The hybrid orbital of the central atom in `AlF_(4)^(-)` is :

To determine the hybrid orbital of the central atom in \( \text{AlF}_4^- \), we can follow these steps: ### Step 1: Identify the central atom and its valence electrons The central atom in \( \text{AlF}_4^- \) is aluminum (Al). Aluminum is in group 13 of the periodic table and has 3 valence electrons. ### Step 2: Count the number of surrounding monovalent atoms In \( \text{AlF}_4^- \), there are four fluorine (F) atoms surrounding the aluminum atom.
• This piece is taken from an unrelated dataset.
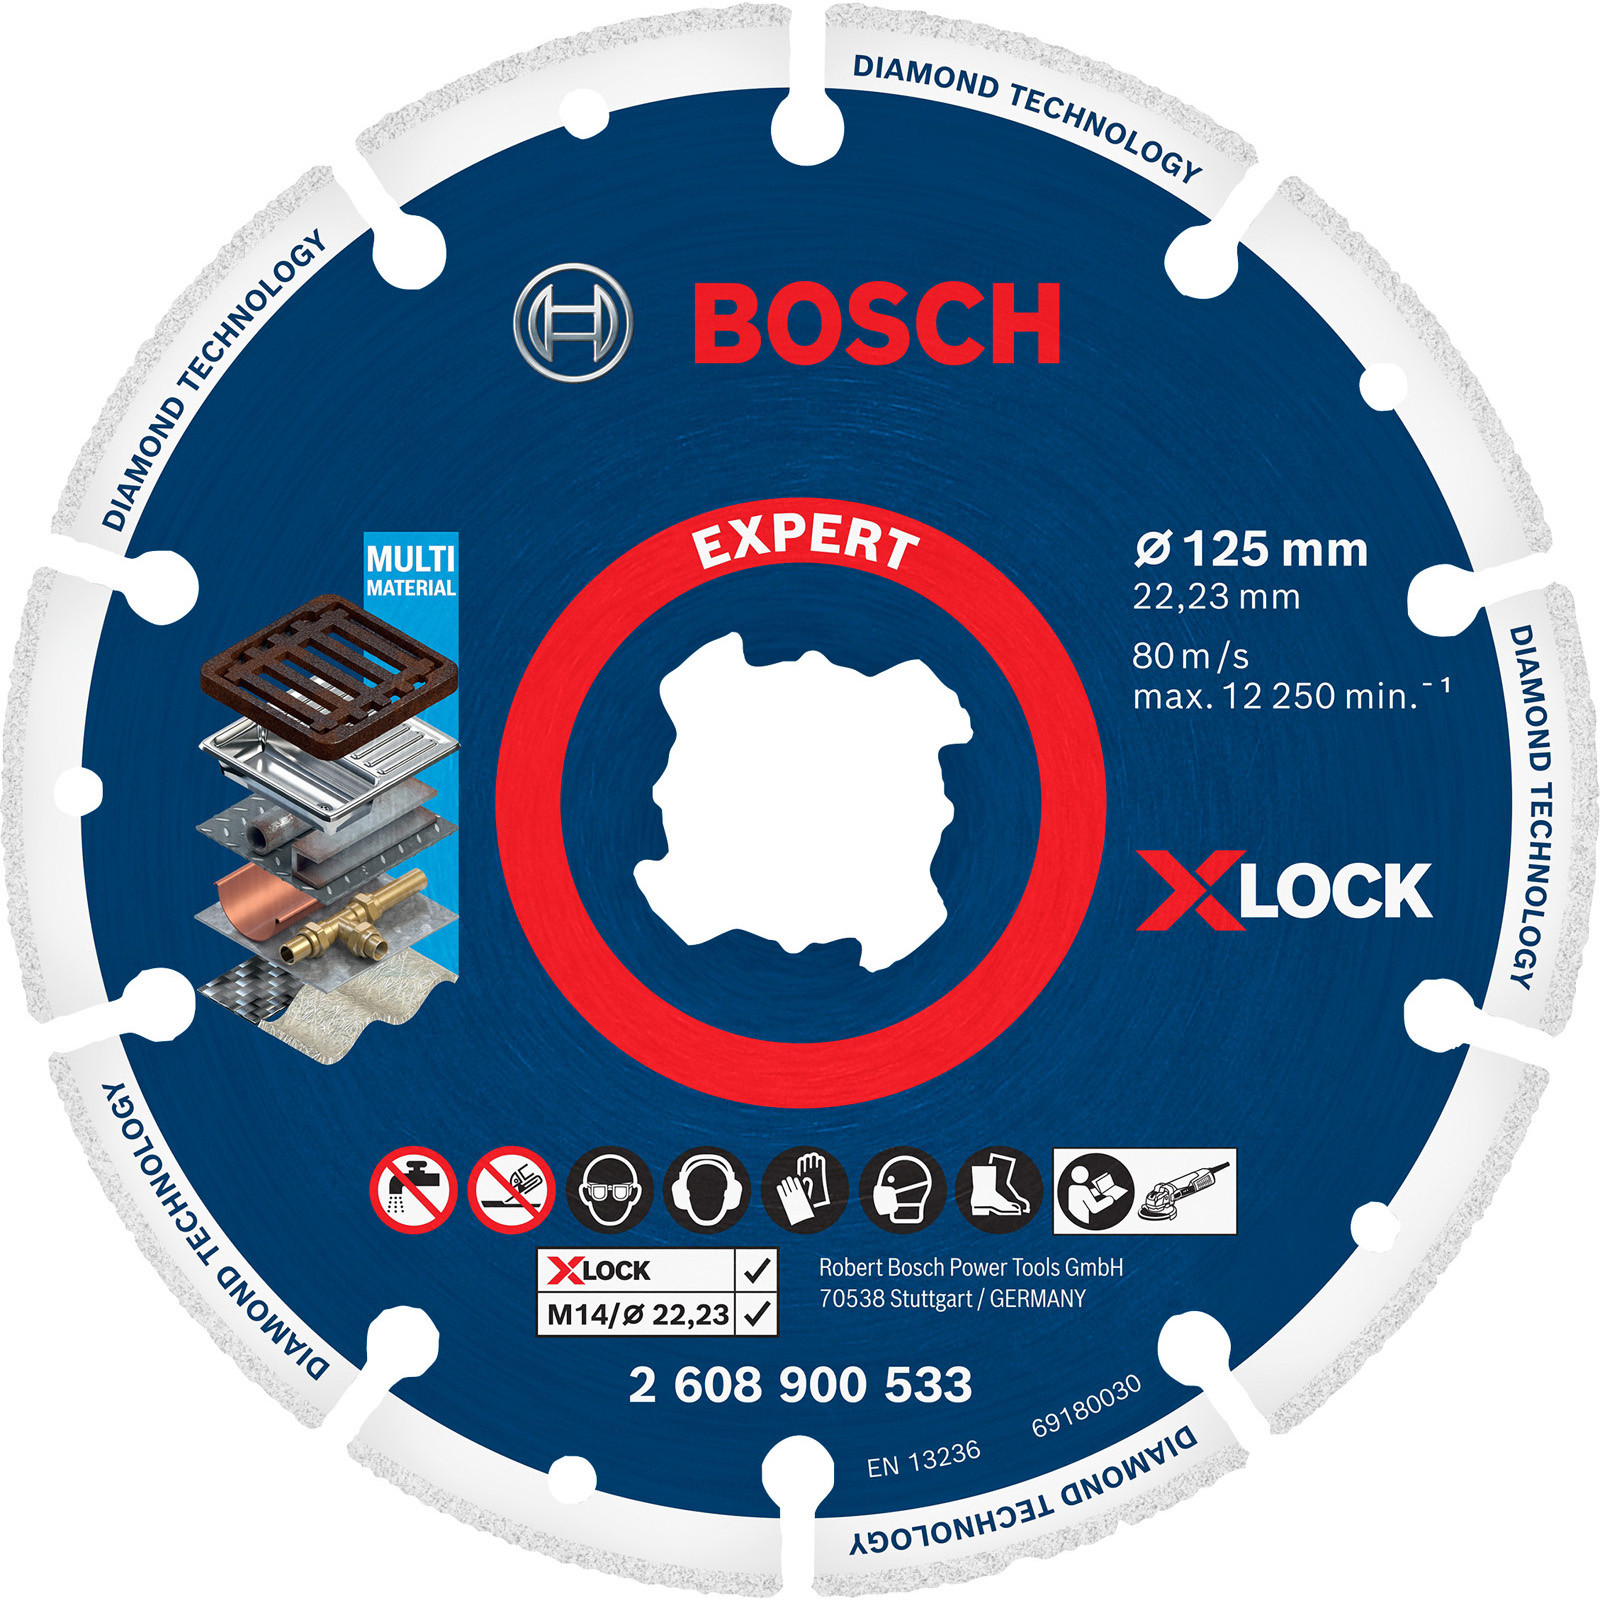 x Wheel Expert Trennscheibe 2608900533 Bosch Werkzeugstore24 Metal mm 22,23 Diamond bei X-LOCK - 125

Since fluorine is a monovalent atom (it has a valency of 1), we have 4 monovalent atoms. ### Step 3: Consider the charge on the ion The charge on the \( \text{AlF}_4^- \) ion is -1. In our formula, we will add 1 for the negative charge. ### Step 4: Use the hybridization formula The formula to calculate the number of hybrid orbitals (x) is: \[ x = \frac{1}{2} \left( \text{Number of valence electrons of the central atom} + \text{Number of monovalent atoms} - \text{Charge on cation} + \text{Charge on anion} \right) \] Substituting the values we have: - Number of valence electrons of Al = 3 - Number of monovalent atoms = 4 - Charge on cation = 0 (since there is no cation) - Charge on anion = -1 (which we will add as +1 in the formula) So, we can plug these values into the formula: \[ x = \frac{1}{2} \left( 3 + 4 - 0 + 1 \right) = \frac{1}{2} \left( 8 \right) = 4 \] ### Step 5: Determine the hybridization type From the value of \( x \): - If \( x = 2 \), hybridization is \( sp \) - If \( x = 3 \), hybridization is \( sp^2 \) - If \( x = 4 \), hybridization is \( sp^3 \) - If \( x = 5 \), hybridization is \( sp^3d \) - If \( x = 6 \), hybridization is \( sp^3d^2 \) Since we calculated \( x = 4 \), the hybridization of the central atom (Al) in \( \text{AlF}_4^- \) is \( sp^3 \). ### Final Answer The hybrid orbital of the central atom in \( \text{AlF}_4^- \) is \( sp^3 \). ---